The IMF will not grow our economy for usWednesday, April 10, 2013
Now that Jamaica seems set to ink a new pact with the International Monetary Fund (IMF), the country needs to learn from the lessons of its 35-year relations with the Fund or risk repeating that sordid history.
First, it has been an unhappy and unsuccessful relationship because the IMF practices a brand of economic fundamentalism which is theological in its inflexibility. It has a standard set of policy prescriptions. The tool box consists of devaluation (whether by one-time action or by letting the exchange rate deteriorate, as is now the case with Jamaica), deflationary fiscal policy by sudden and sharp budget cuts (unavoidable even without IMF insistence), privatisation (even if it's a fire sale like Air Jamaica) and deregulation (giving government less ability to manage the economy).
Second, the IMF has at times been insensitive to political and social limits of adjustment, even while knowing that its performance tests and policy measures undercut the political support of governments eg the Michael Manley administration in 1979-80 and the Golding administration in 2011. The high priests of the IMF may even derive a certain perverse but self-righteous pleasure as the next government would be more supine.
Of course, we must take note that in its news release on Monday announcing the imminence of the agreement with Jamaica, the IMF said: "Recognising the sacrifice involved for the Jamaican people, the strategy also aims to minimise the impact on the poorest and most vulnerable."
Third, IMF programmes do not necessarily produce economic growth because of their deflationary stabilisation measures which are antithesis of growth. Stabilisation of the macroeconomic fundamentals is a necessary step but that does not by itself generate growth. If economic growth occurs during an IMF agreement it is probably due to some fortuitous event such as favourable export prices, a surge in tourist arrivals and the like.
Fourth, IMF programmes involve little money for much pain, but the real benefit in having a programme is that it provides the imprimatur that the Fund will make the country pay its debt, even if there has to be a cutback in social programmes. Having an IMF programme is a promise to practise responsible financial housekeeping which the borrowing government could not find the self-discipline to do.
Critically, the IMF agreement facilitates funding from institutions such as the World Bank and the Inter-American Development Bank, as well as on the international financial markets. The current agreement is no exception.

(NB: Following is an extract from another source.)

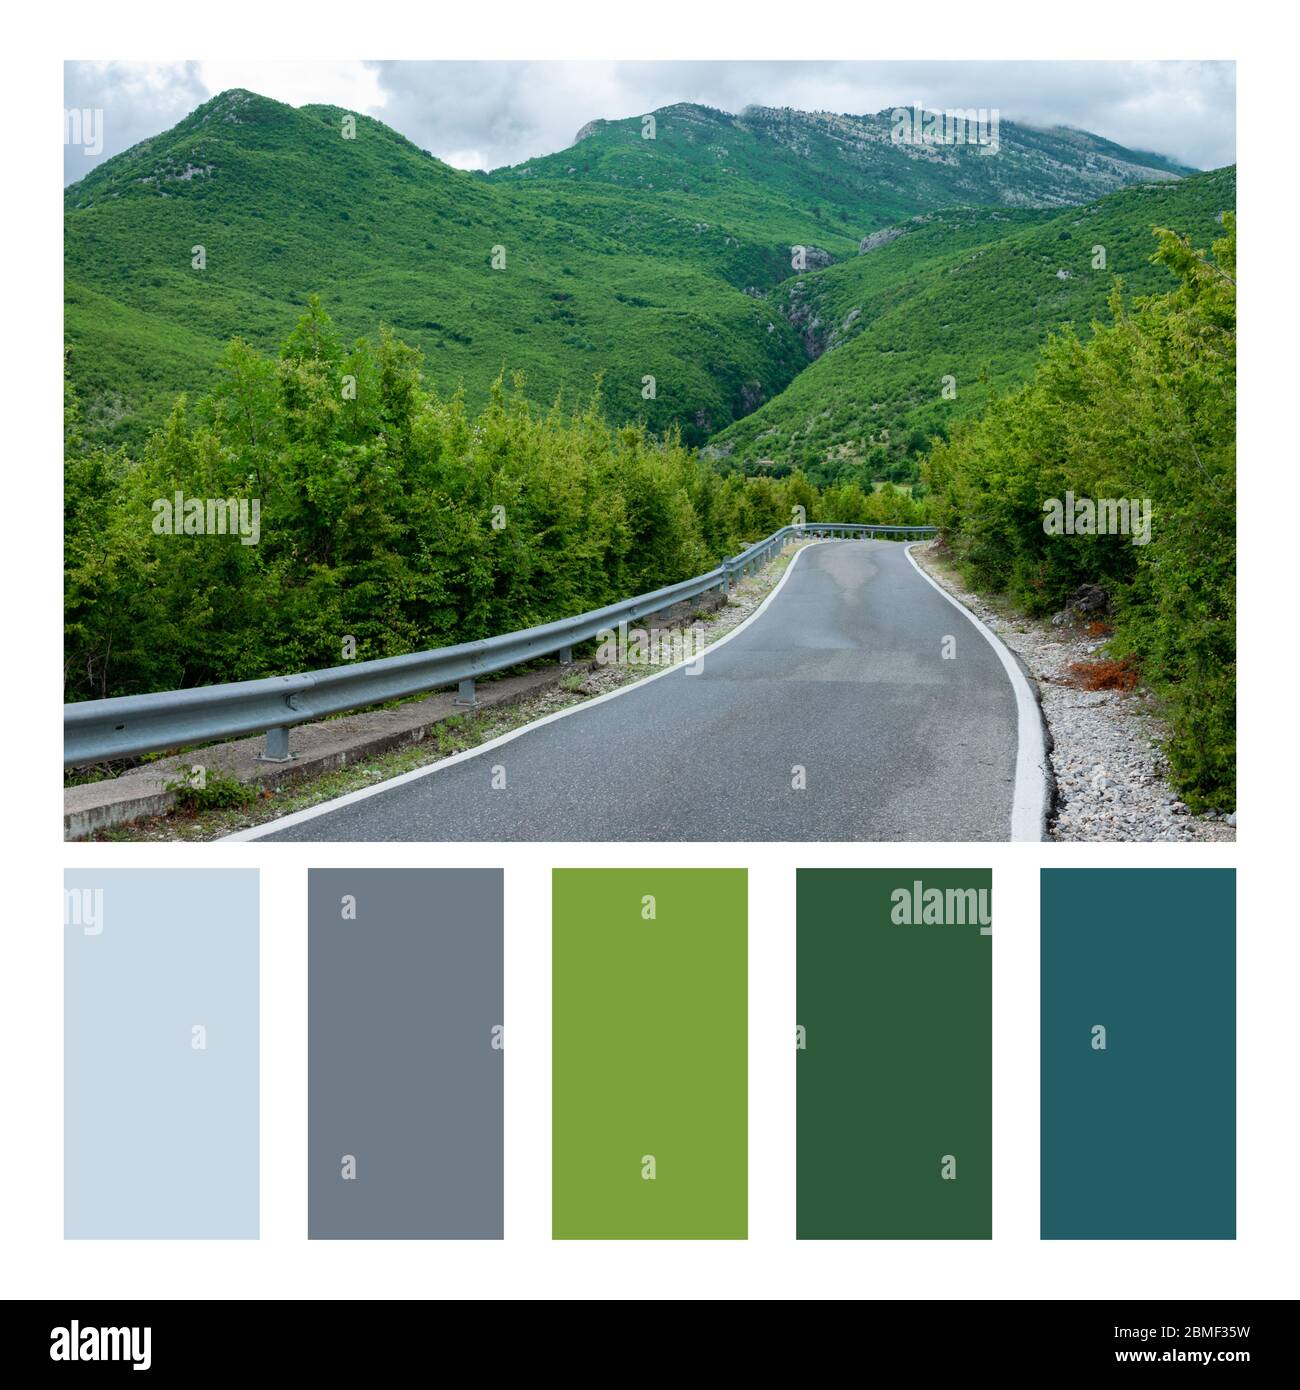 Albanische Naturlandschaft. Hohe Bergstraße in Farbpalette, mit kostenlosen Farbfeldern Stockfoto

Fifth, no government of Jamaica has completed the full duration of an IMF agreement. This is a depressing record which the IMF blames on poor implementation because of lack of political will and technical incompetence. These are factors, but the truth is that the IMF targets were unrealistic, the policy measures inappropriate and the programme under-funded.
Despite the bitter medicine prescribed by the Fund, we must accept that they did not create our economic problems and it is our responsibility to work our way out of the quagmire. This is Jamaica's last chance to go to the well of international financial support. The country has got to stay the course and survive the duration of the agreement, therefore, it cannot be business as usual.